Let me say right now that my blog is not going to appeal to all readers.  I am totally fine with that.  If people are looking for someplace that’s going to tell them how terrible the world is to them; what precious angels their children are and that they never, ever do any wrong; that everything bad that happens is someone else’s fault; that our kids don’t have to change and that society is wrong if it doesn’t learn to accommodate their every difficulty; or that society will always take care of their child – my blog is not the right place to find it.  There are a lot of other blogs on line that you would get a lot more out of than you would mine.

If you’re looking for a blog that talks realistically about the challenges we and our kids face; points out pitfalls to our parenting styles and ways we can improve; lets you know that you’re not alone; offers strategies other than “go sue everyone because they could fix your kid if they really tried but they just don’t want to”; and shares the experience of someone who has watched over a hundred of our kids grow up to be functional adults and has sat in more courtrooms, hospitals, education policy meetings and IEPs than she ever wanted to, then this blog may be a good fit.  Or it may not.  Anyone who has read this blog for a while knows that I’m not all sugar and rainbows.  I firmly believe in our kids’ potential and capabilities, and so I have high expectations for them and for us parents.  And while I am not always right, I am always opinionated.
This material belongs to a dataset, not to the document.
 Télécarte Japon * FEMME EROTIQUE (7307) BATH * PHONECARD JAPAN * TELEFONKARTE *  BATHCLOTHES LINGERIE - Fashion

Educators who want to learn how to work with our kids have a lot of resources available to them.  We parents don’t.  We have to find our information on our own.  If this blog helps you help your family, then by all means, read it and pass it on to a friend.  If it doesn’t, find one that does.  There are a lot of fantastic blogs out there that take a very different approach than mine.  Find them.
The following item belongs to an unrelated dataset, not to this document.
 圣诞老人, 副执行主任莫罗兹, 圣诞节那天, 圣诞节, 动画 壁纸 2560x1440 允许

As to whether or not I’m ever at fault, the answer is a resounding yes.  Often.  There isn’t a struggle I’ve talked about on my blog that I haven’t personally been through.  There are times I should have been more aware of what was going on at my child’s school and insisted on a different placement, different teacher, or more help for him.  There are times I should have been harder on him or cut him more slack.  I’ve put him in situations he wasn’t ready for and I’ve held him back when I should have pushed him forward.  Sometimes I’ve ignored the needs of one of my children too much in order to focus on another who was in crisis.  I should have stuck out the social rejection I felt he experienced (that in retrospect I know he didn’t) in church and scouting and kept him in both programs.  I should have accepted him for who he was and enjoyed his exuberant (if slightly odd) personality much sooner instead of always trying to “fix” him.  I shouldn’t have let him climb the playground equipment that I was sure he would jump off of even though all the other kids didn’t and all the other mommies said I was being too nervous.  (He did jump, but he survived unscathed.)  I should have started him on medication sooner.  There are a lot of times I should have asked him why he did something before I assumed I knew why and disciplined him in an non-useful way.  I should have read more books and gone to more conferences and listened a lot more to some of the excellent advice I was given.  I should have let him go camping with my sister, who while not knowing much about kids with Asperger’s, is an RN and could provide almost any first aid he might have ended up needing.  I can think of a lot more, but I’m sure you all get the point.  If I felt I was perfect I would not feel the need to write this blog.

And to the mom who told me that my child obviously never had significant difficulties so I simply cannot understand what other parents are going through and that therefore my opinions are in no way valid, let me point out that my kid used to spit on people at school, too.  He didn’t spit on the teacher though; he spit on other kids.  He kicked the teacher.  He threw tantrums eight times a day, routinely escaped the classroom and had to be tracked down, threw pencils at people, hit a kid, spent eight months screaming in the classroom while we tried every therapy and made every environmental and medication change we could think of.  He threw yogurt at a girl who was trying to help him.  He licked a boy scout (on the shoulder.  I still have no idea why he did that one.)  We’ve had police helicopters out looking for him, we’ve had fire trucks come to school because of him, and we’ve spent time in the ER getting stitches.  Yeah – I think I might have a little understanding of what life’s like when someone in your house has Asperger’s.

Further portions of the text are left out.